The current common law approach has at its core cases such as Alcock which followed the Hillsborough disaster. Claimants are divided into two categories - primary and secondary victims.
Alcock confirmed this classification of victims and helped to establish the criteria for identifying them. Primary victims are those directly involved in sufficiently shocking (usually life threatening) situations. Secondary victims are those not directly threatened. As we shall discover, they often include close family members of those injured or killed. These classifications are control mechanisms for limiting the class of individuals who may recover damages.
Some say that this is an area of law in need of reform. The main criticism is that the two categories of victim have different rules for compensation and that the boundary between them is unclear. The recent case of Crystal Taylor v A Novo (UK) Ltd CA (2013) re-examined the particular issue of proximity, together with the underlying policy considerations.
The claimant’s mother, Cindy Taylor, was employed by the defendant and suffered injury when a stack of boards fell on her while at work. She appeared to have suffered only minor injuries but suddenly and unexpectedly collapsed and died at home three weeks later. It was established that her death was the result of deep vein thrombosis caused by the original injury. Negligence for the original accident was admitted. The claimant was present at the time of her mother's death and developed post traumatic stress disorder.
The original judgment held that the claimant was entitled to recover damages. The Court of Appeal (CoA) allowed the defendant's appeal against that judgment. They confirmed that to succeed as a secondary victim, the claimant had to satisfy the following requirements:
The defendant conceded that the claimant met all but one of these requirements. The exception was the requirement for proximity. This, they argued, was not met. The claimant was present at neither the scene of the accident nor its immediate aftermath. The claimant argued that ‘the event’ was not the original accident but the subsequent collapse and death. Proximity, they said, was established.

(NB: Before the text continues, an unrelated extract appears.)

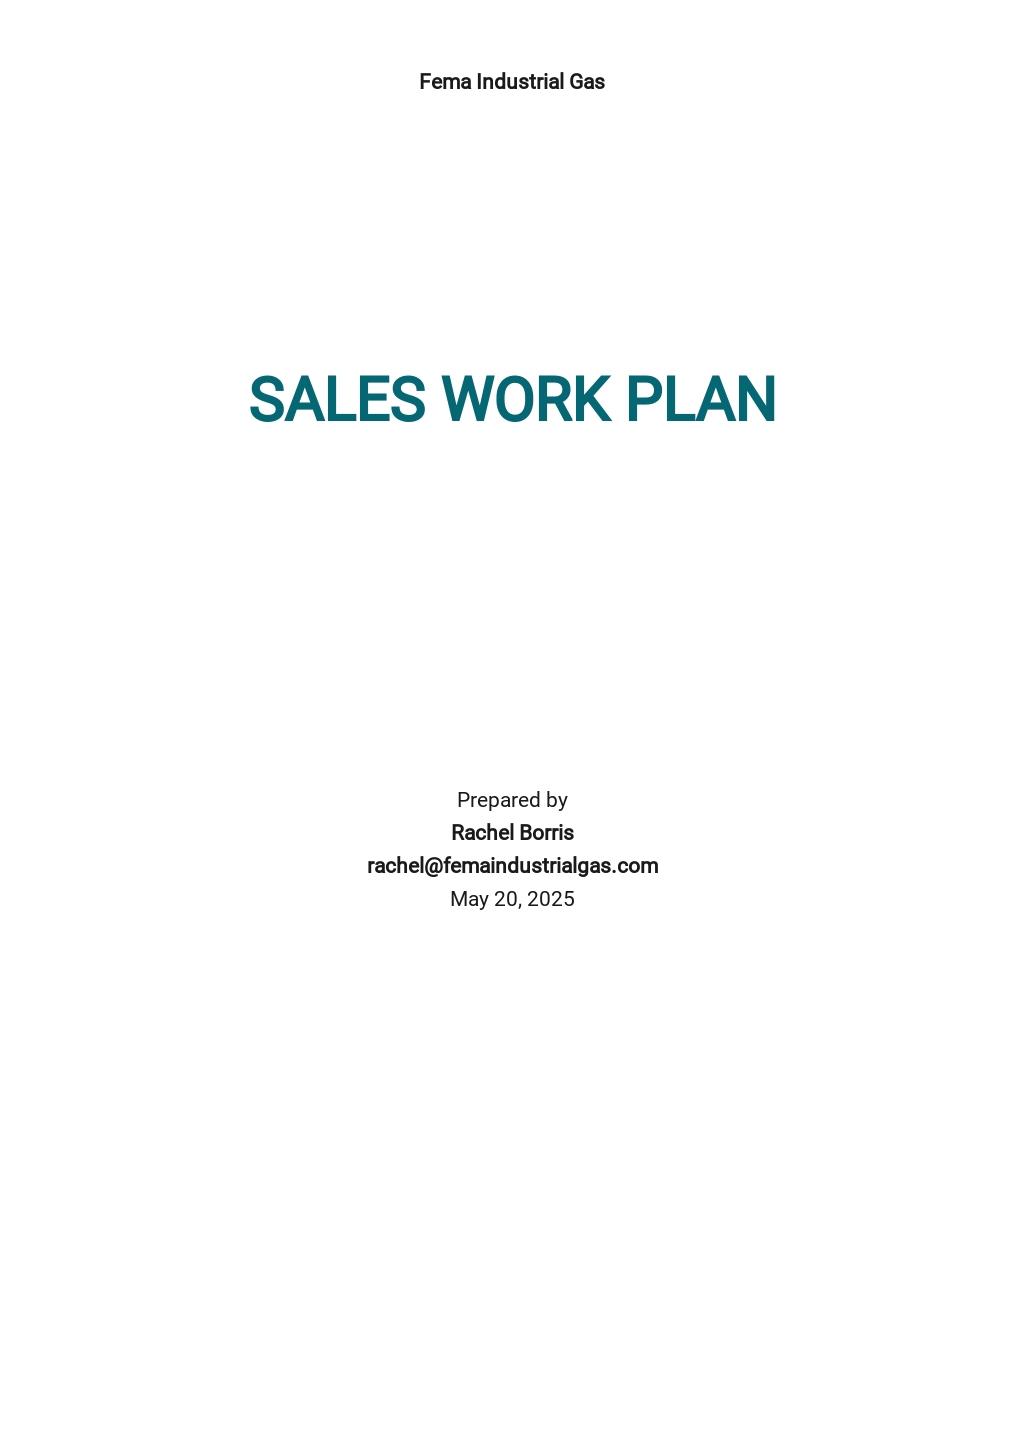 Sales Work Plan Template.jpe
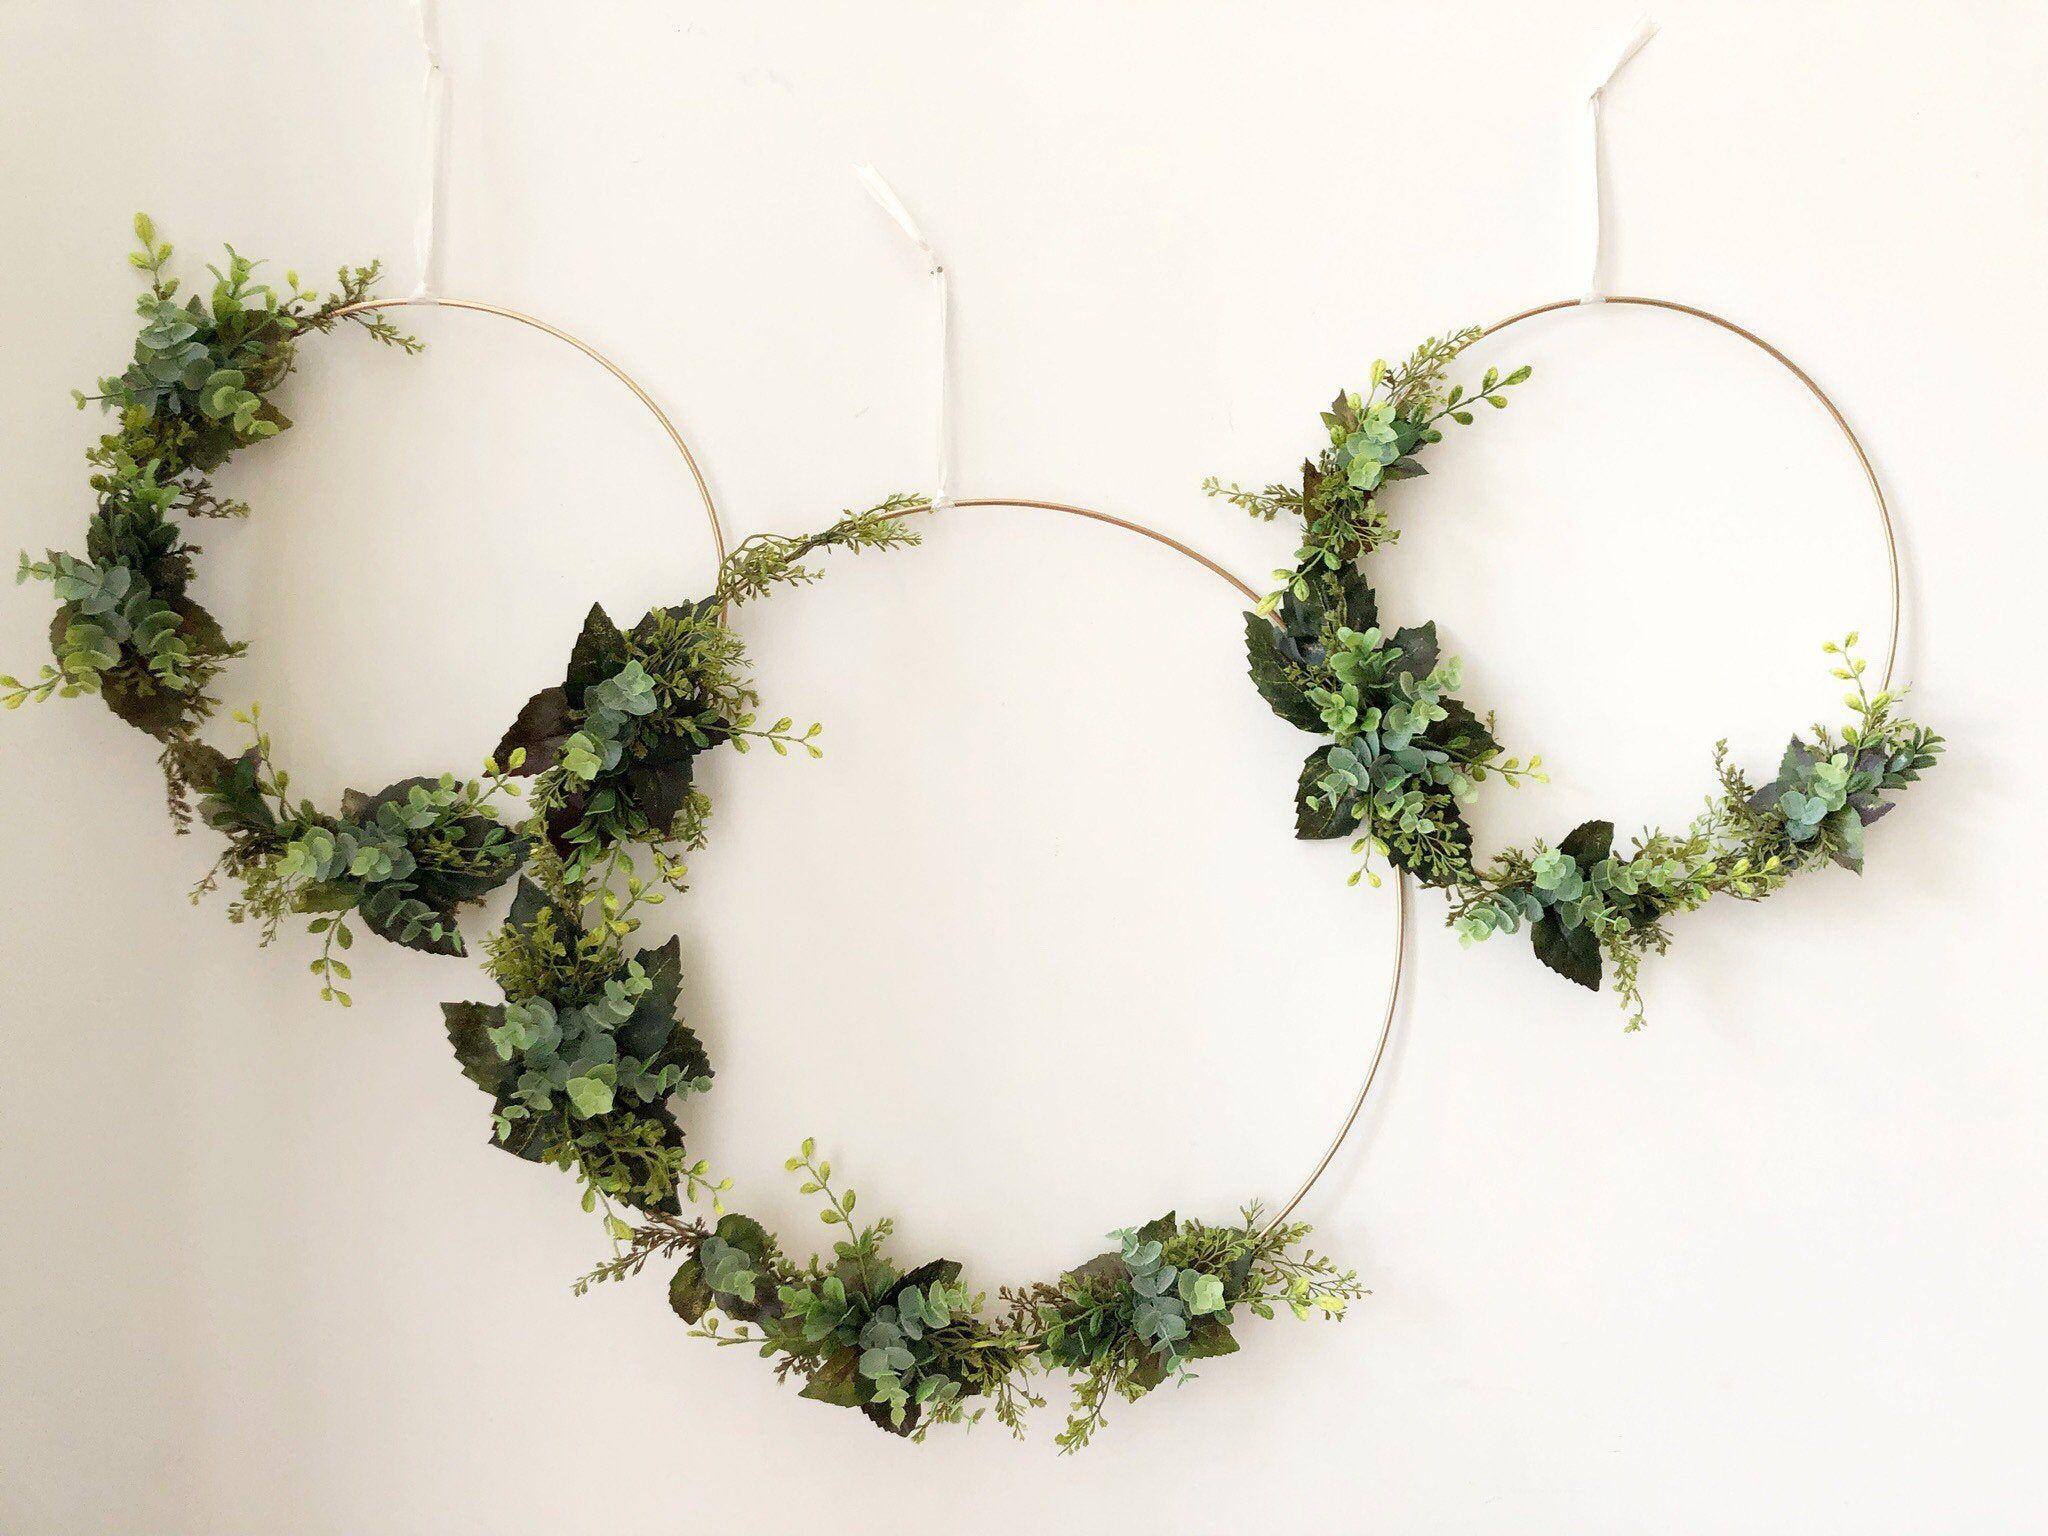 """Photo of Set of 3 – Nursery Floral Hoop Wreaths, 19 """", 14"""", and 12 """", Floral Wreaths For Nursery, Nursery Wall Decor, Greenery Hoop Wreaths"""

The CoA decided that to permit recovery from an event three weeks after the accident would be to extend the law. In doing so, they reaffirmed the reasons for the strict controls and the centrality of legal policy in this area. The relevant event for the purposes of establishing proximity was the accident itself and not the death. Had the claimant witnessed the accident as well as the subsequent death, damages would be recoverable. She would satisfy the test for secondary victim. However, had the claimant’s mother died immediately following the accident at work, the claimant would not have been able to recover damages as she was not present. This sort of fine distinction lies at the heart of criticisms of the current law.
The court accepted that the distinction between primary and secondary victims was not ideal but repeated that this was a matter for Parliament rather than the courts. This opinion on potential reform goes alongside the Scottish Law Commissions’ recent recommendations that the current common law should be replaced with a statutory framework.
In this case, the claimant unsuccessfully sought to extend the boundaries of current law. The judgment of the CoA is a positive result for insurers as it confirms the status quo. The consequences, had the claimant succeeded, could have been potentially wide-reaching.
In this case the claimant’s mother died suddenly and unexpectedly, but clearly there were further implications for latent injury cases such as mesothelioma. Any legislative reform would need to bear such considerations firmly in mind.
Lord Steyn's observation in Frost v Chief Constable of South Yorkshire Police [1999] 2 AC 455, was that while, "the law on the recovery of compensation for pure psychiatric harm is a patchwork quilt of distinctions which are difficult to justify...It must be left to Parliament to under-take the task of radical law reform." This has now been reaffirmed in Taylor.
The fact that there is still no sign of Parliament accepting the invitation to act suggests that insurers can rest easy for now - on this issue at least.